Wearing a veil that covers the face, if done by choice rather than pressure means you are making a statement. It draws attention to the woman as well as hiding her identity. She becomes one of the nameless, faceless masses of Islam whom very few can relate to.

The ultimate veil wearer that is the Catholic's ideal, is the Blessed Virgin Mary.  Just as a nun wears a veil, so too does she.  Just as a nun is clearly identifiable because her face is visible, so too is the Virgin.

From the FAQ of Franciscan Sisters, T.O.R. of penance of the Sorrowful Mother website:
Some sisters wear a veil over their heads. They do this primarily to signify that they are eternally married to God; they are forever brides. Traditionally, religious women wore a white veil during novitiate [...] and took a black veil when they professed their vows. [...] The scriptures tell us that a "woman's glory is her hair" and therefore reserved for her husband's view.

Just the hair is reserved for her husband's view - not the face as well. During times gone past, Western women wore veils or hats as a matter of their normal dress. I must admit, it would be nice if this custom came back. But never at any point were we made anonymous by the veil; never did it keep other people at arm's length from us as the Muslim veil does.

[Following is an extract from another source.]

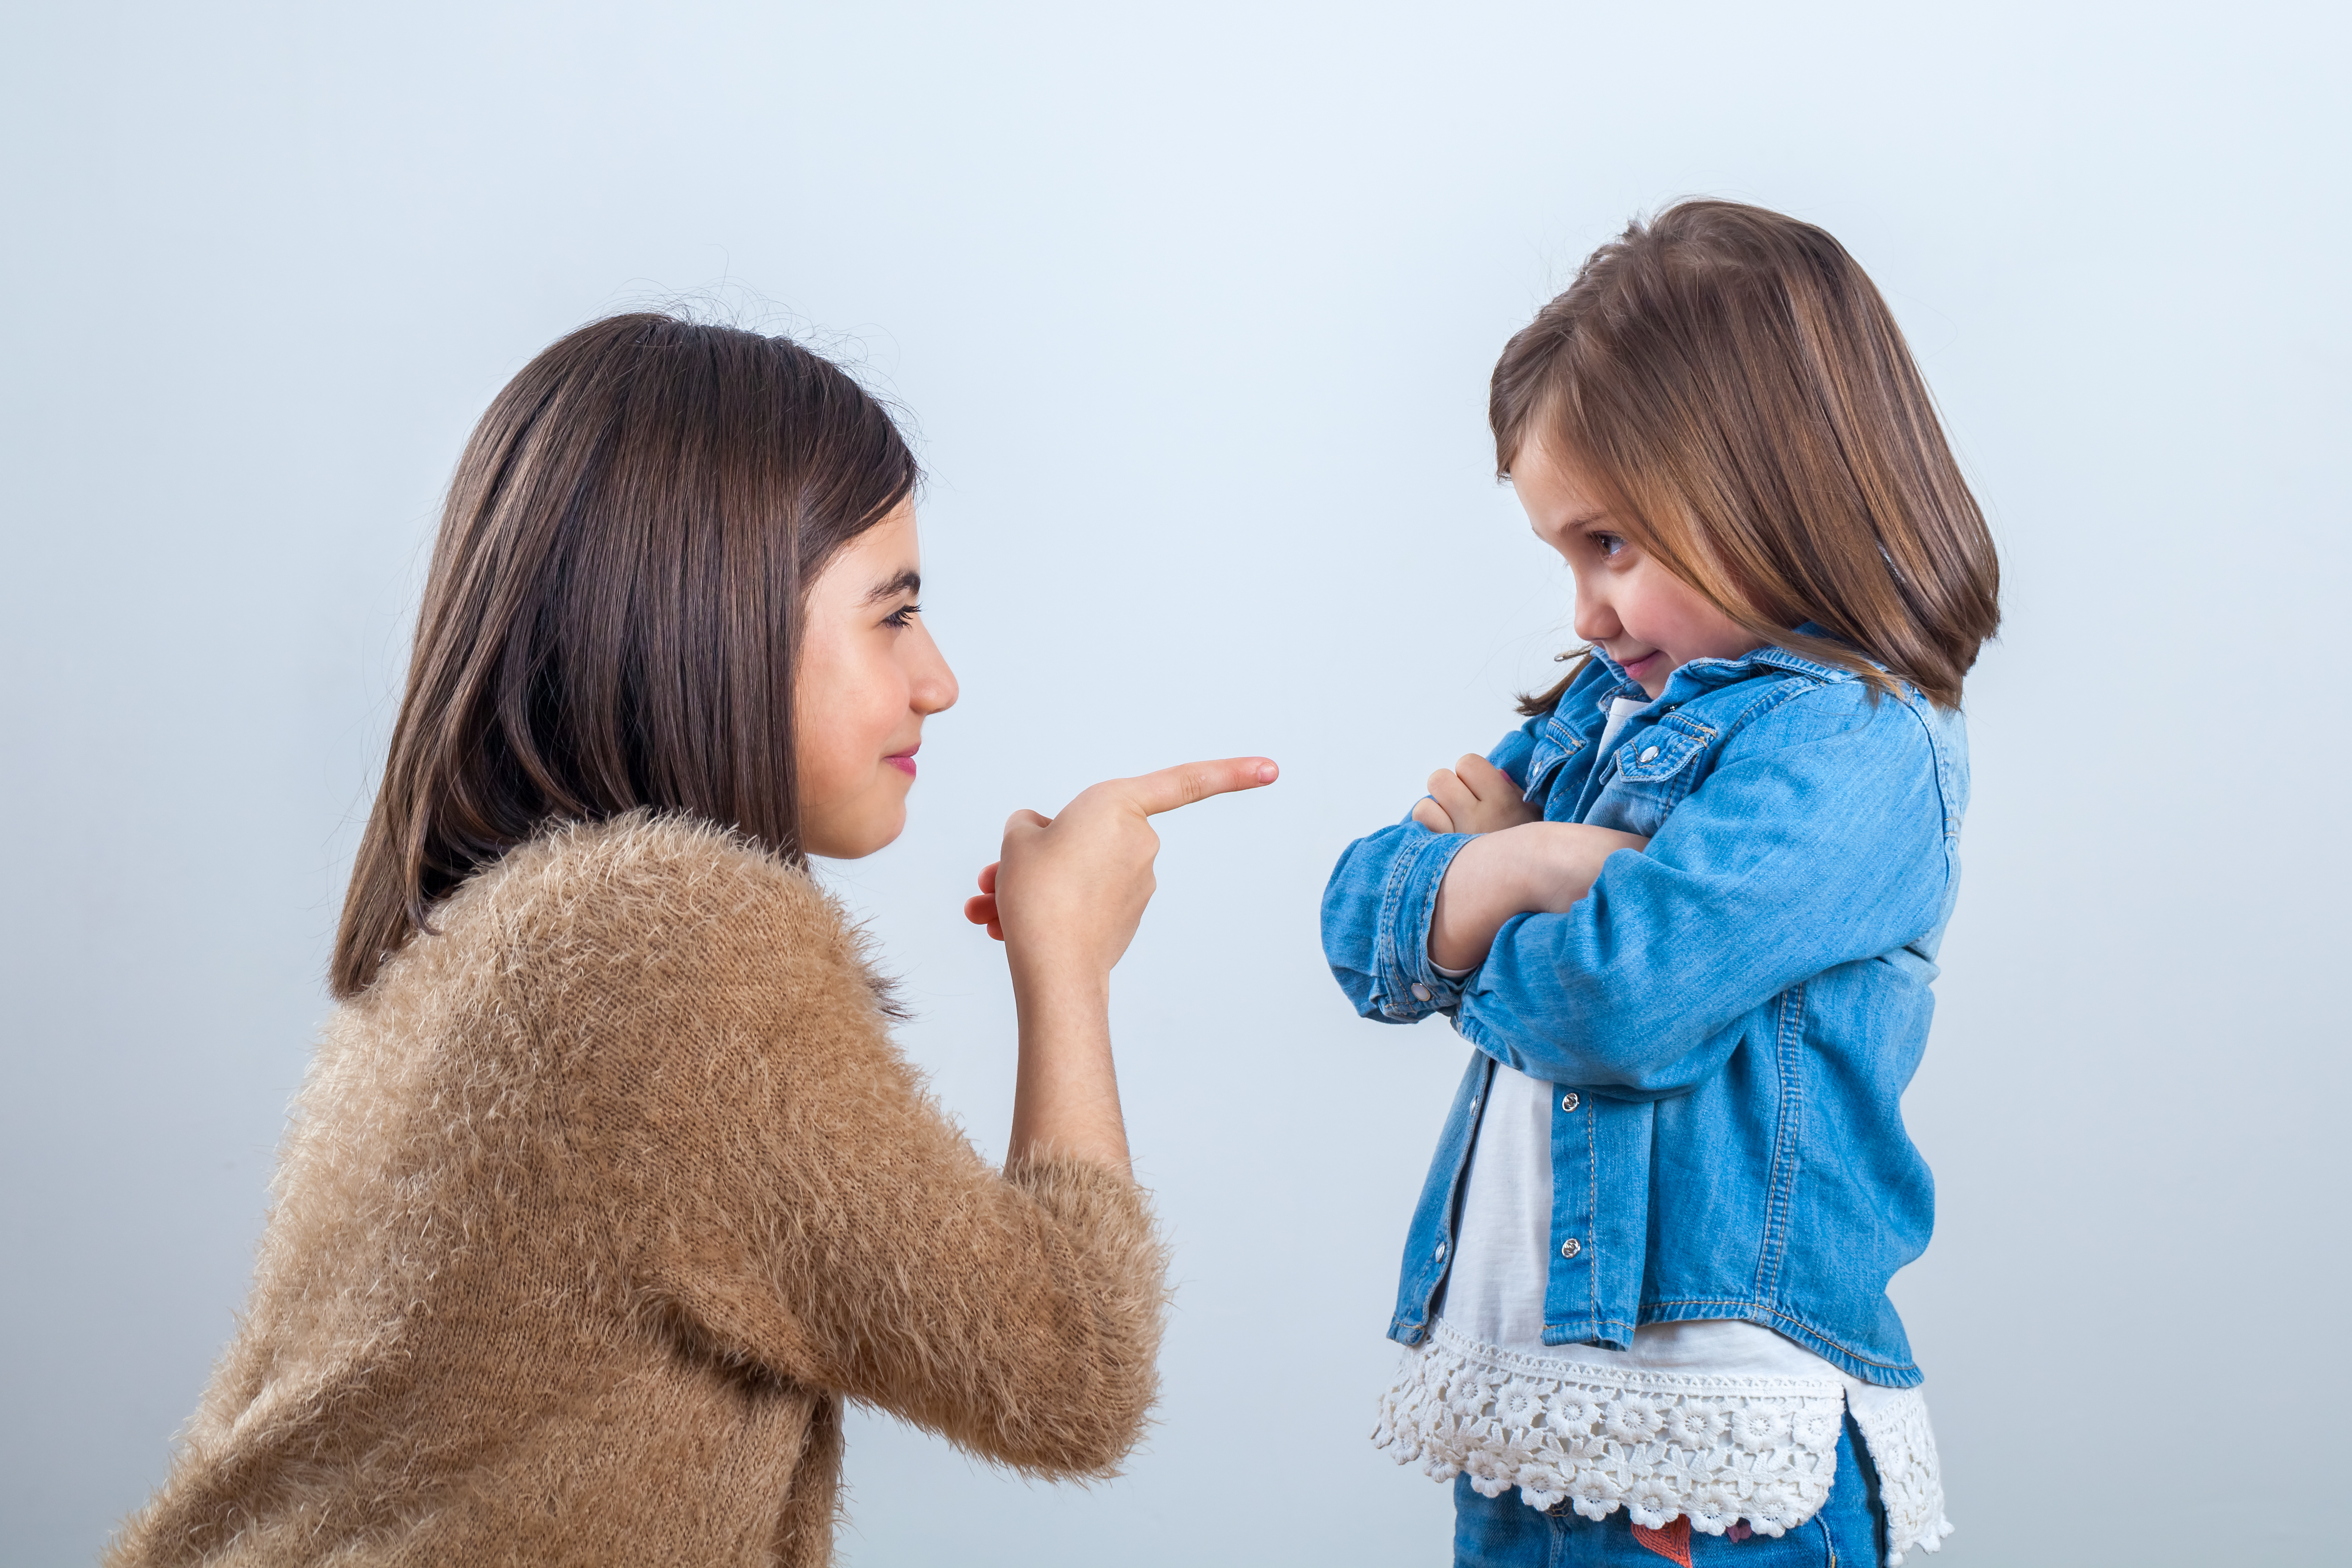 La sœur aînée fait une remarque à la plus jeune avec un doigt | Source : Getty Images

And isn't it interesting that there is no equivalent of the Catholic nun in Islam?

Related link: Women in bid to lift veil of ignorance

4 comment(s):

KG said...

That news item the link points to is propaganda, no less.
Surely nobody could in all honesty conflate a nun's habit with the compulsory full-face covering of some islamist sects?

Bearhunter said...

"It's not just a choice, it's a lifelong commitment..."

Or at least until they stopped making wearing the habit compulsory. It's amazing how many nuns switched back to civvies when the chance arose. I'm not questioning their devotion, by the way, just pointing out that many nuns clearly didn't see the wearing of the habit as a "lifelong commitment".

scrubone said...

Interesting comments in that first quote.

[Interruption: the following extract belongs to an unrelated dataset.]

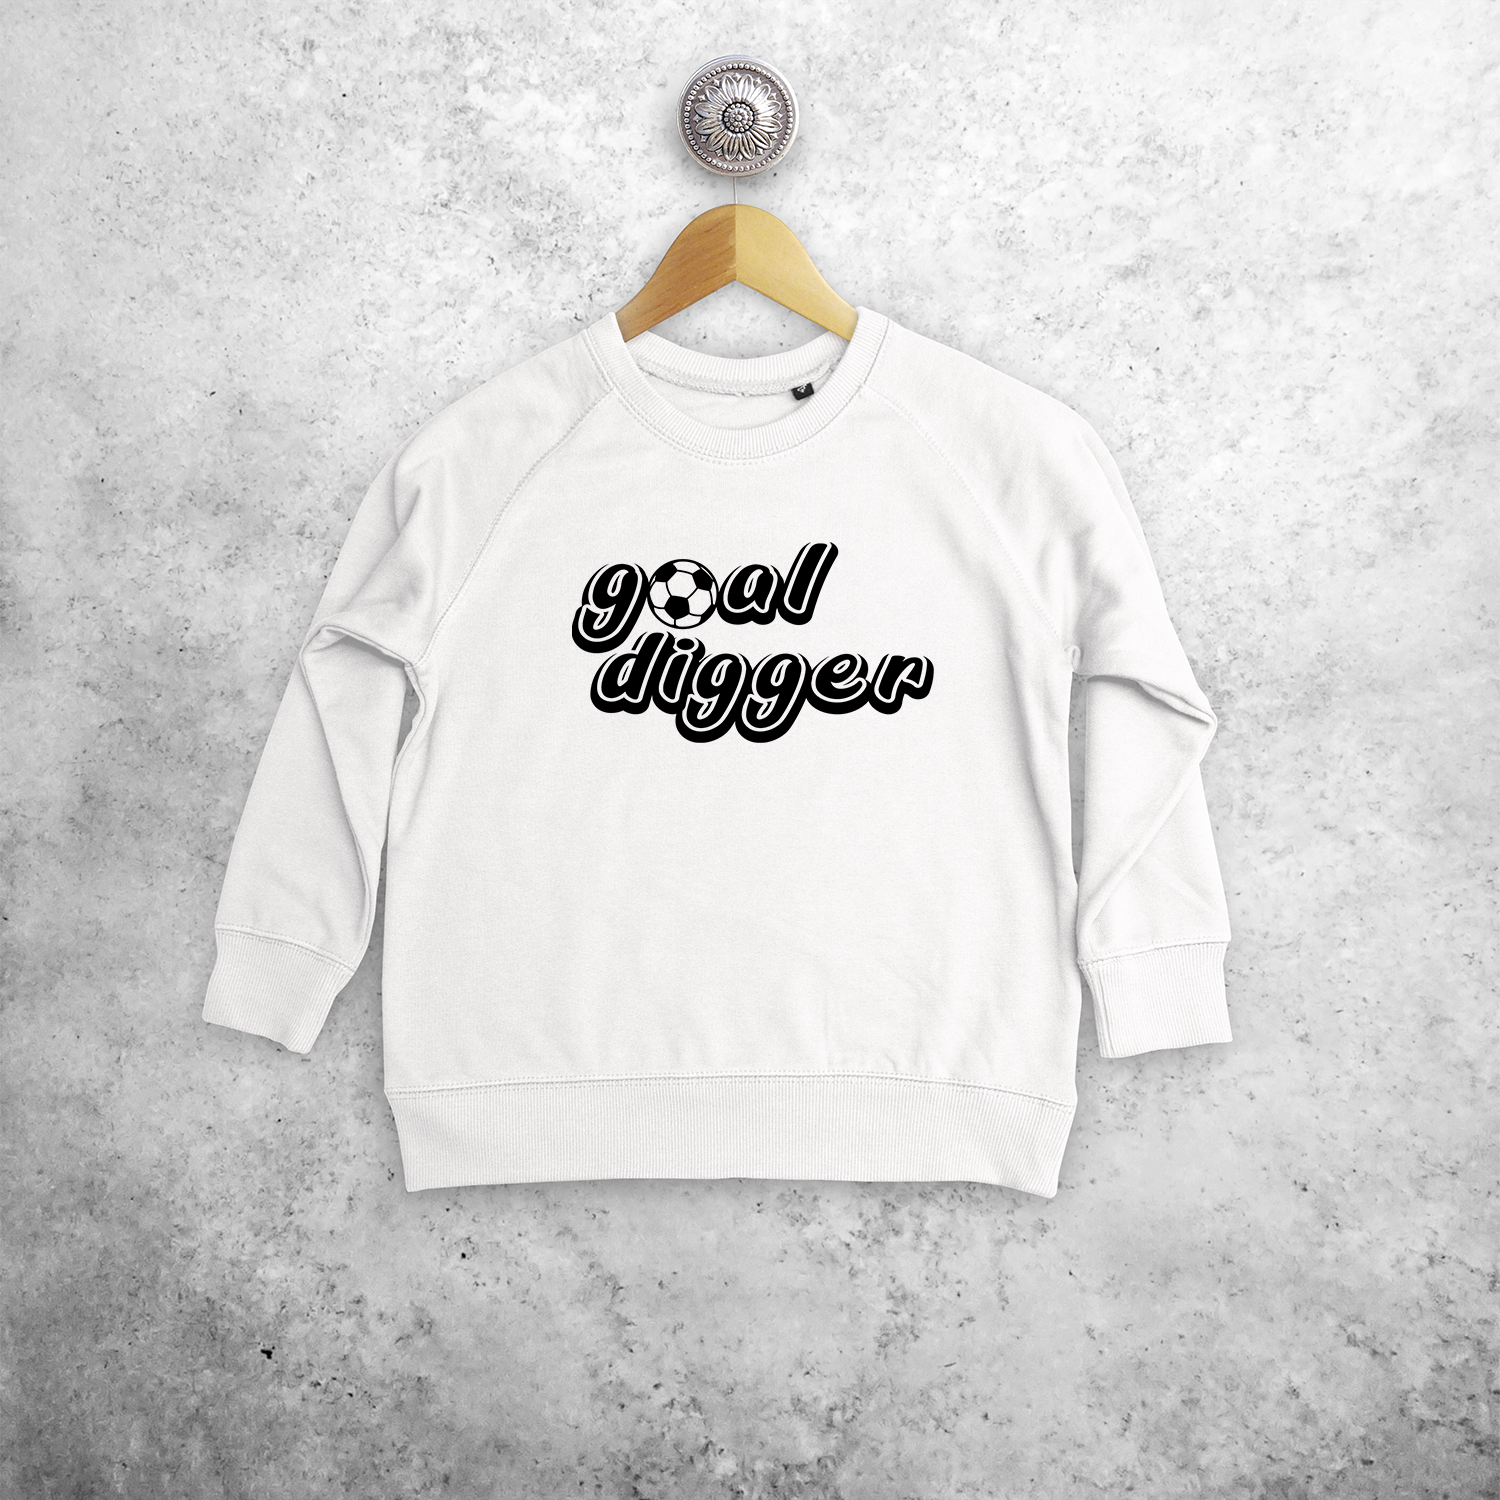 'Goal digger' kids sweater

I was recently listening to a series of interview with a fellow called Abdul Saleeb entitled "The Dark Side of Islam".

He pointed out every time Christianity goes back to it's roots, society becomes more peaceful and caring. When Islam goes back to it's roots, it becomes more oppressive and violent.

Seán said...

Hi Lucyna - I would like to point out that I agree with both the content and intent of your post.

But I would like to digress a bit from the first external quote you make. "...But when we see a Muslim woman who is covered – it is associated with terrorism and oppression."

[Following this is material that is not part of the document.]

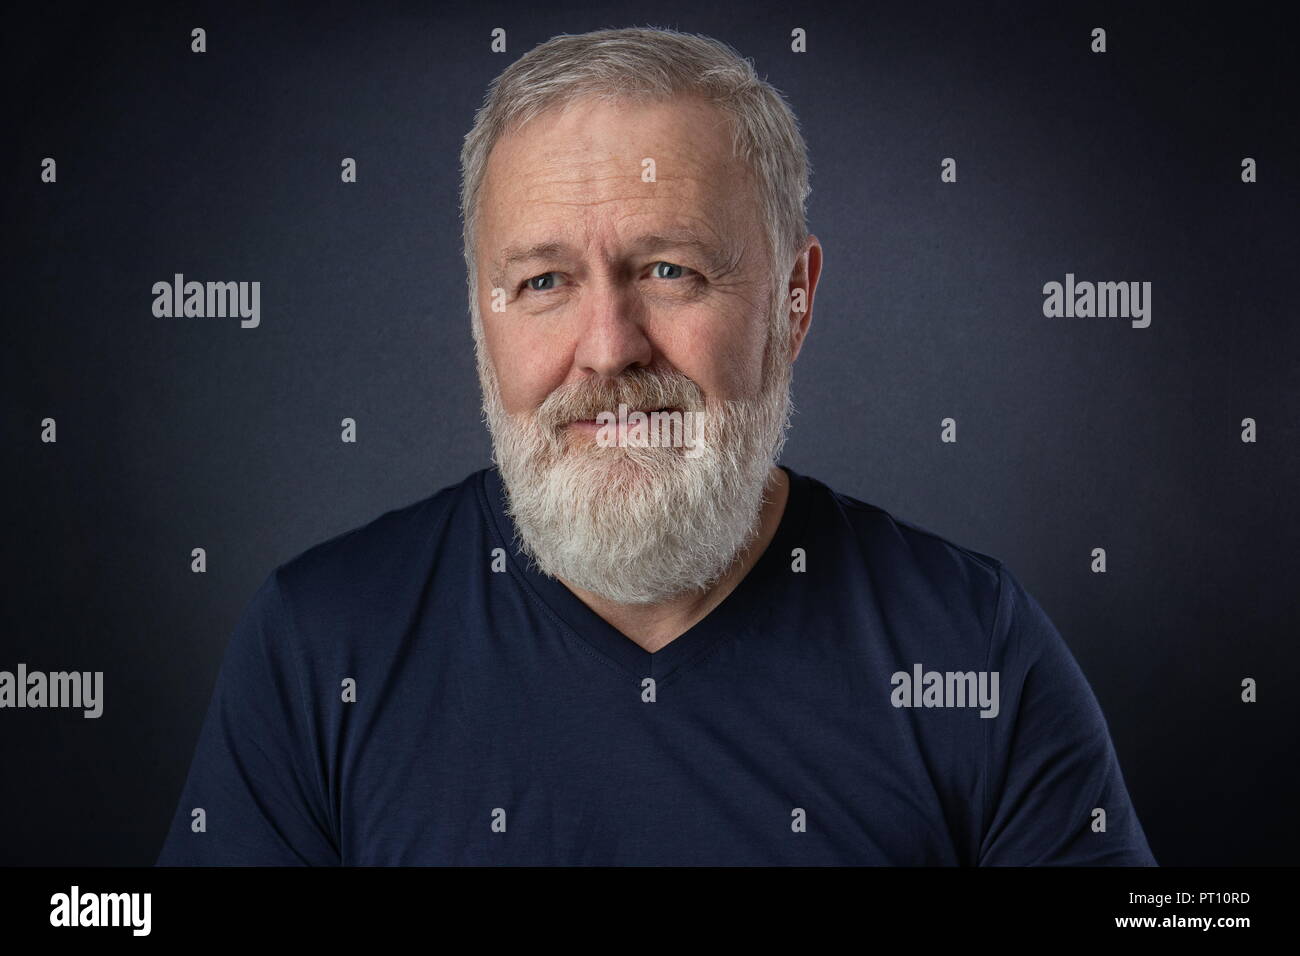 Heureux homme de 60 ans avec barbe grise posant dans le studio Banque D'Images

I am not sure how true this is, probably not much, but I would like to state that if a Muslim woman wants to wear this garb then this is a personal choice I can respect. Of course, this cover private and general public environments, but it is important to note that in our Western society the wearer must be aware of the local customs and traditions which do not normally include the wearing of such attire. What this means is that our society is not used to such attire, but it is not just about clothing, but moreso the covering of the face. So when such a person enters a interactive situation like a job interview, or court appearance, they would do well to become aware of the local customs and adjust accordingly. To expect the local society to naturally and automatically accommodate their non-local customs is just plain unreasonable.

The opposite is true of course in that (Western) foreigners must at least understand and respect the local customs of the (non-Western) society they enter, but it would also be nice for that society to respect the wishes of the foreigner in a private capacity.

The reasons for giving a nun the respect mentioned you have covered already. It is less to do with the dress, and more to do with the practice. But back to the quote it would be foolish to automatically associate a Muslim woman in her local dress with terrorism and oppression; it's naive in fact. We should allow her the freedoms we offer in our society, but conversely she needs to be aware of the cultural norms present and adjust accordingly. It's by making efforts to fit in to the new society that makes their presence all the more accommodating.